The people who visit our beach come from all over. Our sign says "Florida's Best Kept Secret" Because we are sandwiched in between two very popular beaches, Pensacola Beach and Destin Beach, we don't have as many tourists as they do. Locals definitely hang out at the beach and snowbirds come back year after year to escape the cold during the winter months.
Activities Enjoyed at the Beach
Fish caught at and around your beach
Navarre's new pier is the longest in Northwest Florida. We have seen all sorts of things reeled up on the pier or just swimming below. All kinds of trout, sand-sharks, mackerel, barracudas, pompano, flounder, mullet, crabs and a whole lot more.

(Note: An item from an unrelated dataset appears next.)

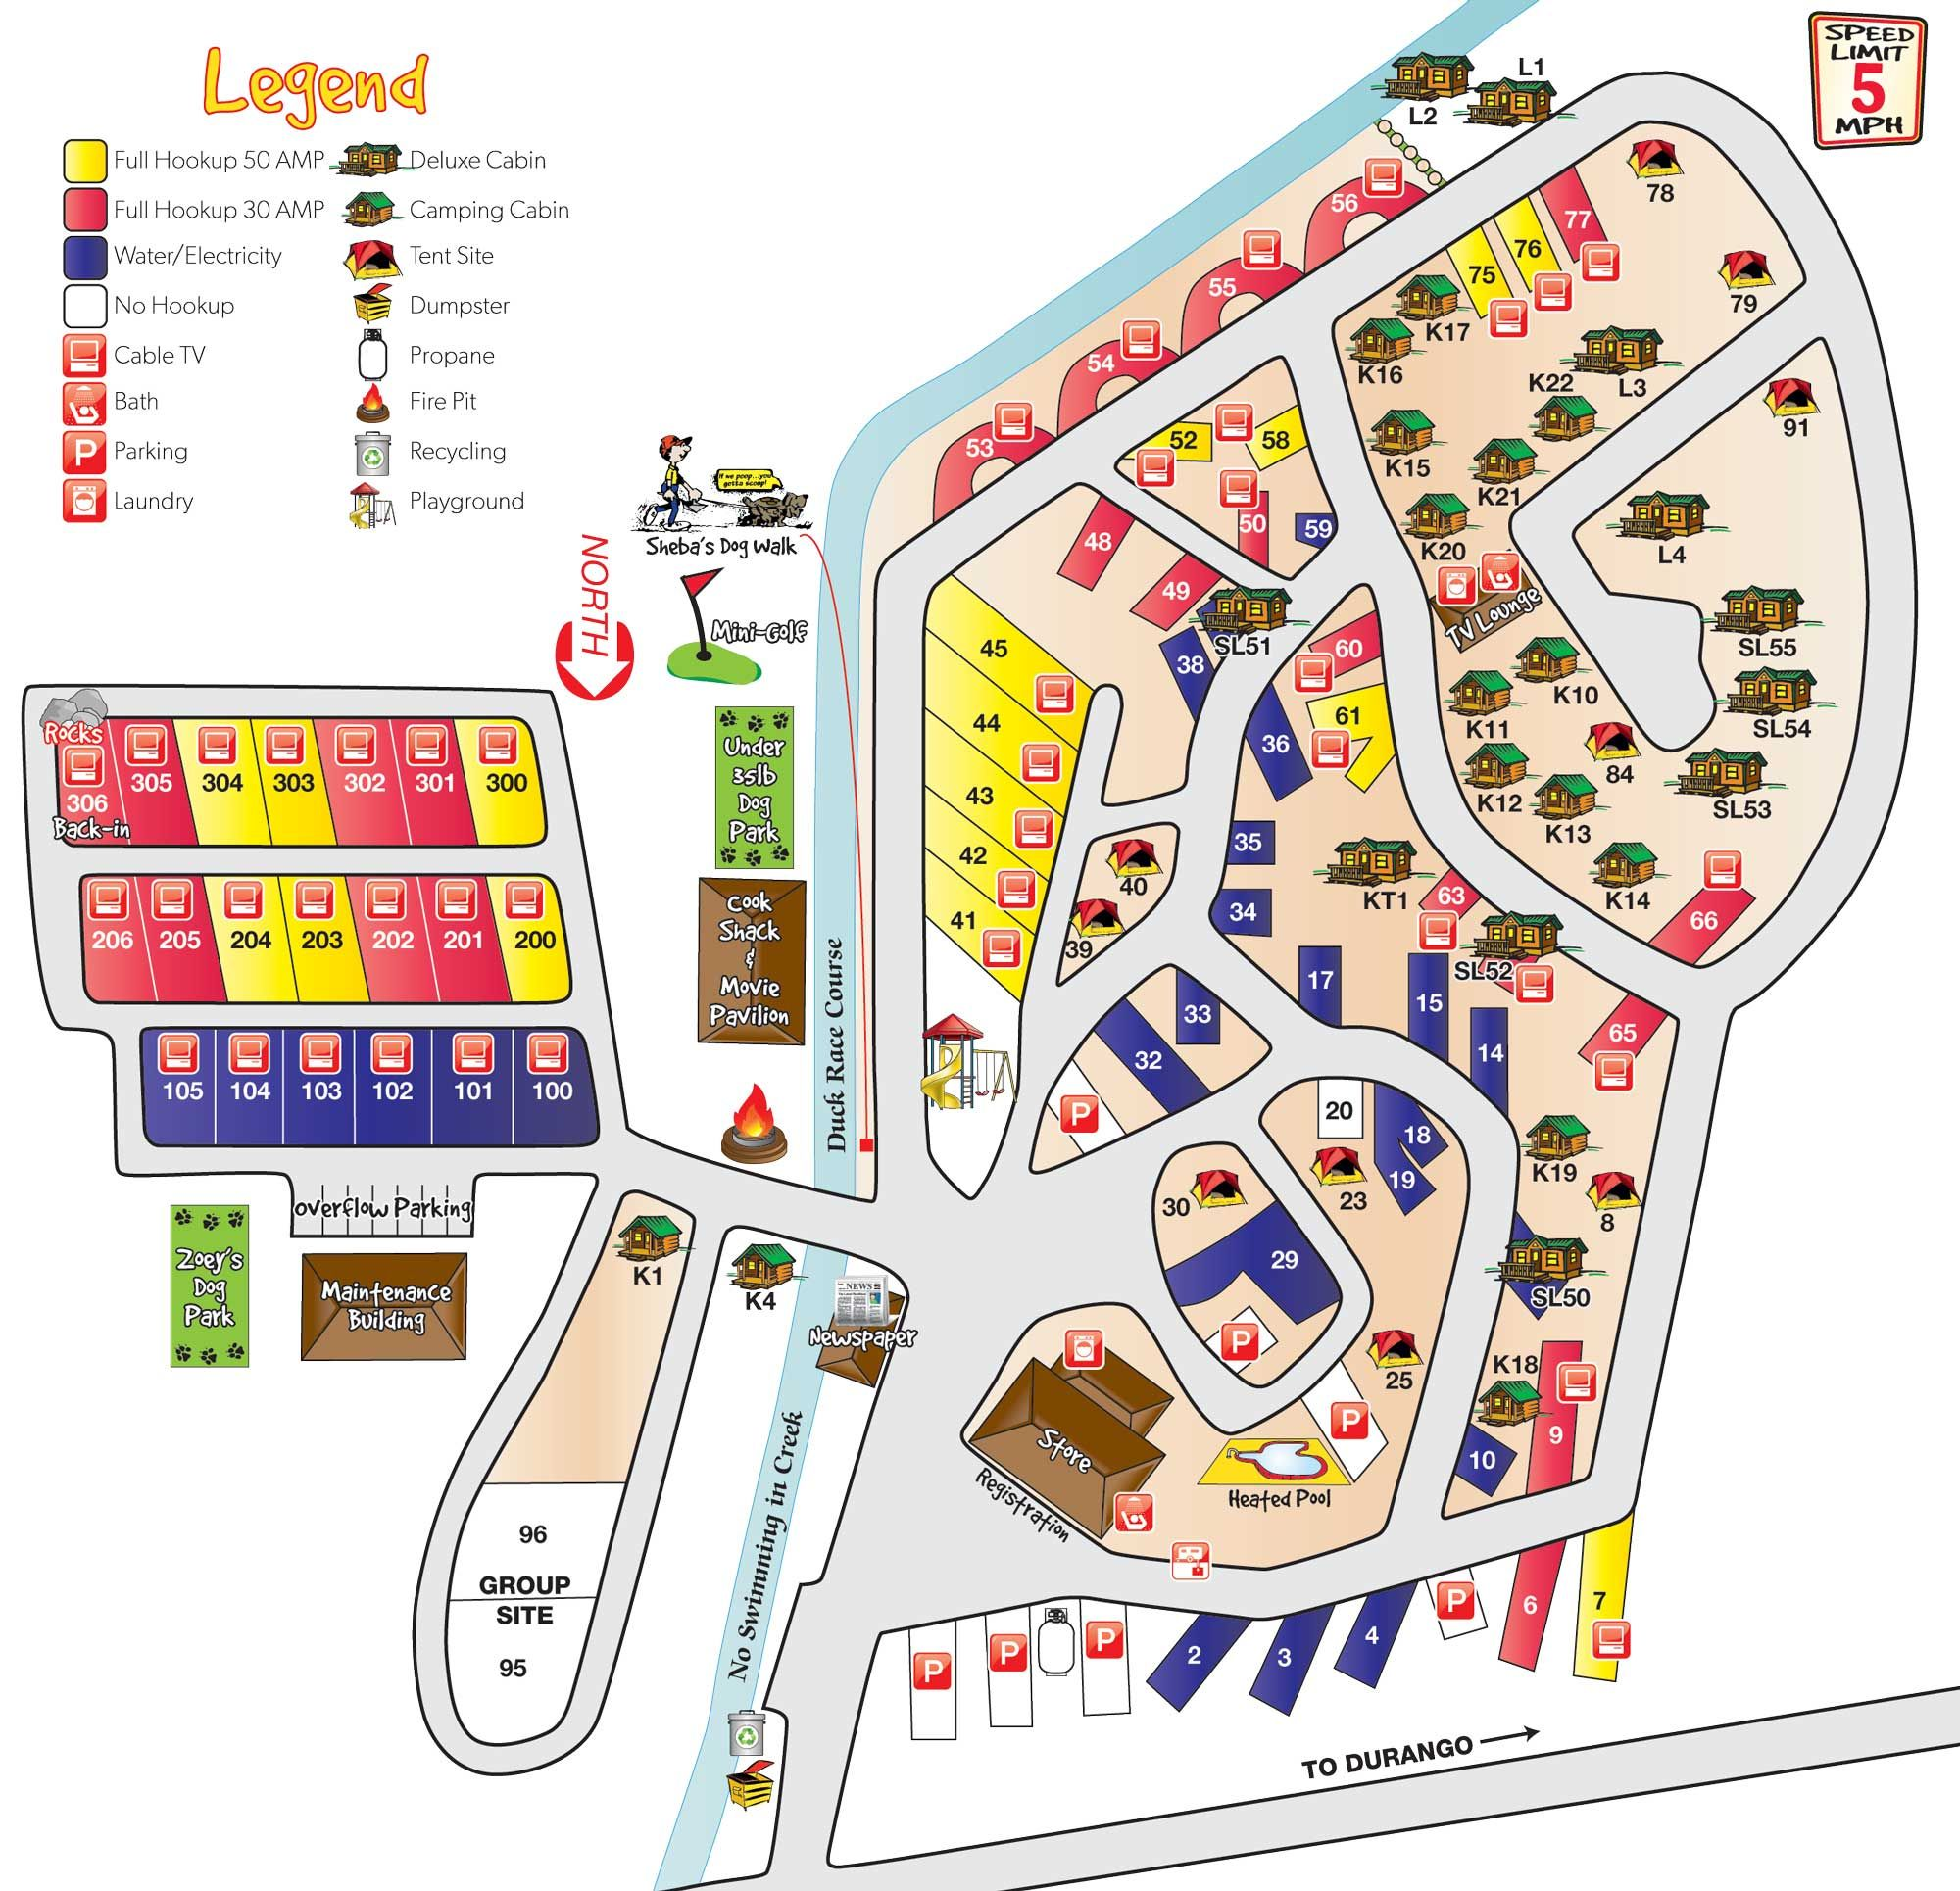 virginia koa campground map google search camp ground design

Other Dangers and Warnings
The greatest dangers present at our beach are the rip tides and wildlife. Fortunately, Florida has a very easy flag system that explains when it is a good time to swim and when you should STAY OUT!! Unfortunately, people visit from all over the place and either don't understand how the flags work, or choose to ignore them. Here in Navarre, we look for the green flag. We know that the water is calm and it is a good swimming day. Yellow will have some waves and we will have to be cautious. When we see red, we stop and go home. The rip-tides can pull you out if you aren't careful. And the purple flag means wildlife like jellyfish or algae might be harmful to swim with.
Local Environment around the Beach
Seagulls, Herons, crabs,
Shells or Aquatic Wildlife
Jelly fish, starfish, sand dollars, sting rays, hermit crabs, sea turtles, dolphins and sand sharks are seen regularly. After our beach restoration project started a few years ago and they started dredging sand to put back on the beach we were able to find a ton more shells. You can find Florida Fighting Conchs, Lightening Welks, Calico scallops, Lettered Olives, American Augers, and a whole lot more.